Well that’s why I said finish the wall first before offering the cash. The wall means it is harder (not impossible) to get back in. Plus if you have their fingerprints/picture on record if you do catch someone who took a payment years later instant deportation, no appeal.
Also the amount isn’t important. It could be $500. Ideally you’d have a situation where businesses are only hiring people with legit paperwork and I9’s. That romoves almost all incentive to be here illegally. Do a little bit of fraud detectionn in HUD and SNAP to remove those incentives. So of the 12 million estimated to be here illegally, let’s say 6 million leave because of jobs drying up. So 3 million take the payment and the bus ticket and 3 million take citizenship.
It’s important to make clear that after this “one time only!” amnesty that the rules get real simple, real fast. You sneak in, we boot you out. Done. Also we could reform guest worker VISAs and such to prevent over staying. Reforming the path to citizenship is important too.
But the idea is to put the poor we do have to work. We have enough hopeless, permanently unemployed poor here, no need to import more. We always here about “buy American” well how about “hire American”. And that’s not code for “don’t hire hispanic people” but hire people who are either native or here legally.
Will US fruit cost more if we have to pay people min wage? Yes. Will kitchen staff and other entry level jobs have to actually be above board and pay people? Yes. If the bleeding hearts actually cared about the workers and conditions then they would be on board with stamping out the shady part of the economy.
Also the payment model works great in real estate, It’s called “cash for keys”. It seems unfair at first… but it makes economic sense.
If you have a tenant that stopped paying rent, and you live in a tenant friendly locale where it takes 6-9 months to evict. Walk up to the tenant and say “I’ll give you $1,000 8f you’re out by the 31st.” If you are making $1k/month rent on that apartment, and you get them out 8 months early you just made a positive NPV investment. You make sure they’re out, have them sign that they surrender the property, hand them the check and change the locks behind them.
The necessity of the 14th amendment can be directly linked to the Dred Scott abomination of a decision.
The above are not a guarantee that “anchor babies” won’t lose their automatic citizenship via birth on US soil, but I’m not aware of any precedent that the Justices can rely on to rule against it.
Plus, Gorsuch is supposed to be a plain text Justice and “All persons born or naturalized in the United States” seems pretty straight forward.
That’s fine. But no more anchor babies. The baby is born here. Great, baby is a citizen. Doesn’t make the mother a citizen. Give the kid up for adoption here or take the kid back with you.
Moving here because ‘they are starving’ versus moving here because the grass is many shades greener.

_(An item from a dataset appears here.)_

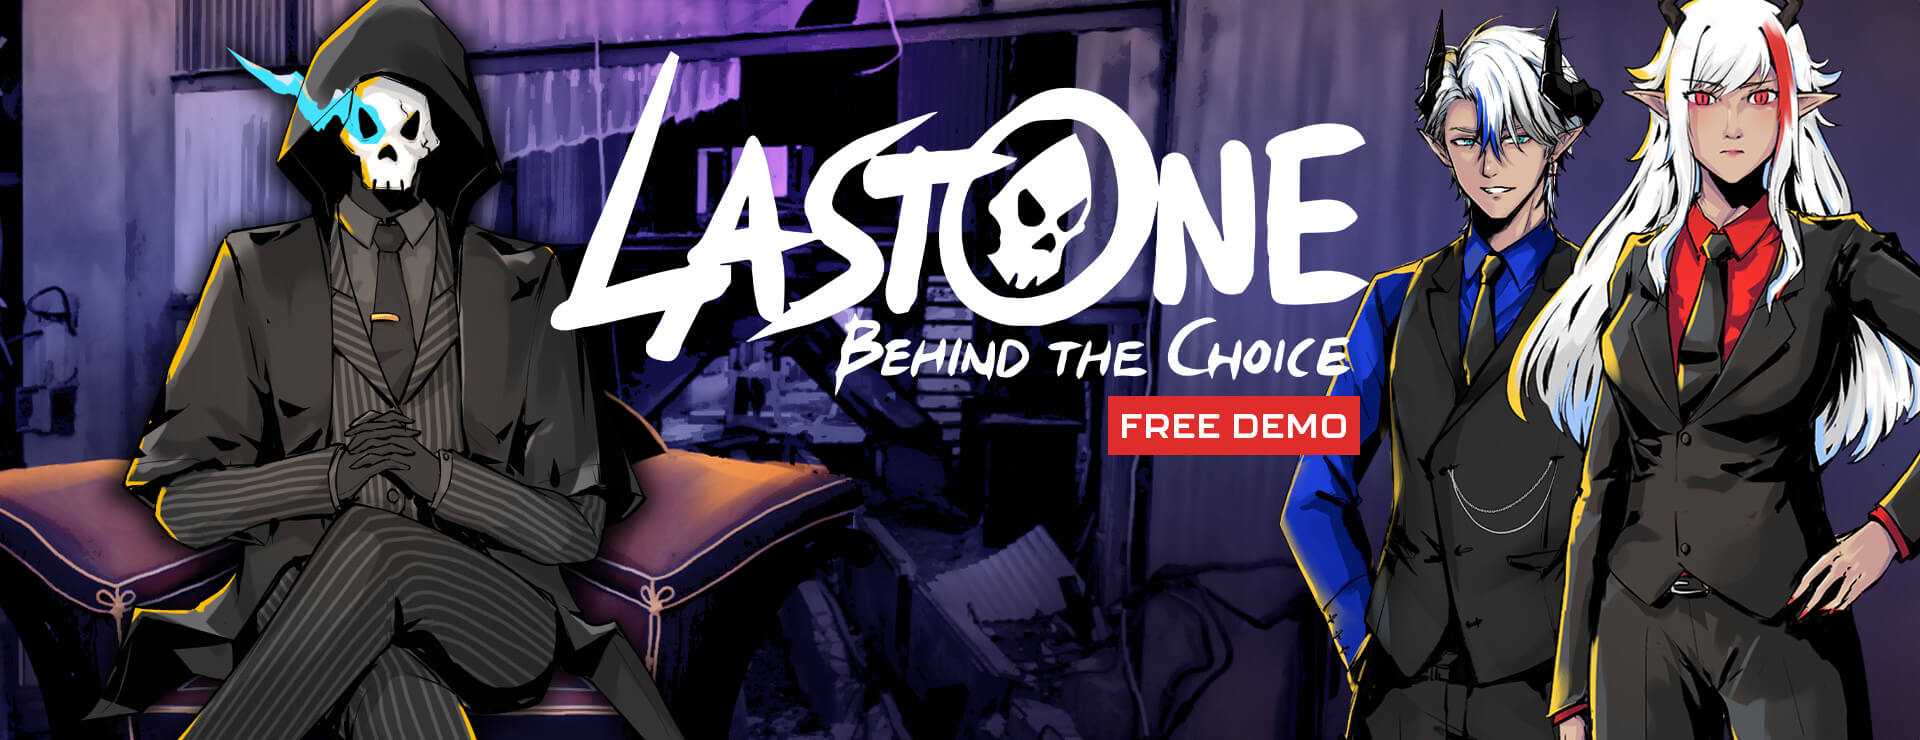 Lastone: Behind the Choice Demo - Visual Novel Game

I doubt many of us begrudge someone wishing to do better and taking the legal or moral steps to achieve that desire. On the other hand, who would admire a dirt poor hustler that fabricates a background and survives in a company by hiding in work groups, getting credit for others’ contributions, etc? All to live in Highland Park rather than the Ozarks.
“Felons”? Under most circumstances, illegal entry into the US is a misdemeanor, not a felony. The mere act of being an undocumented immigrant is not of itself a crime.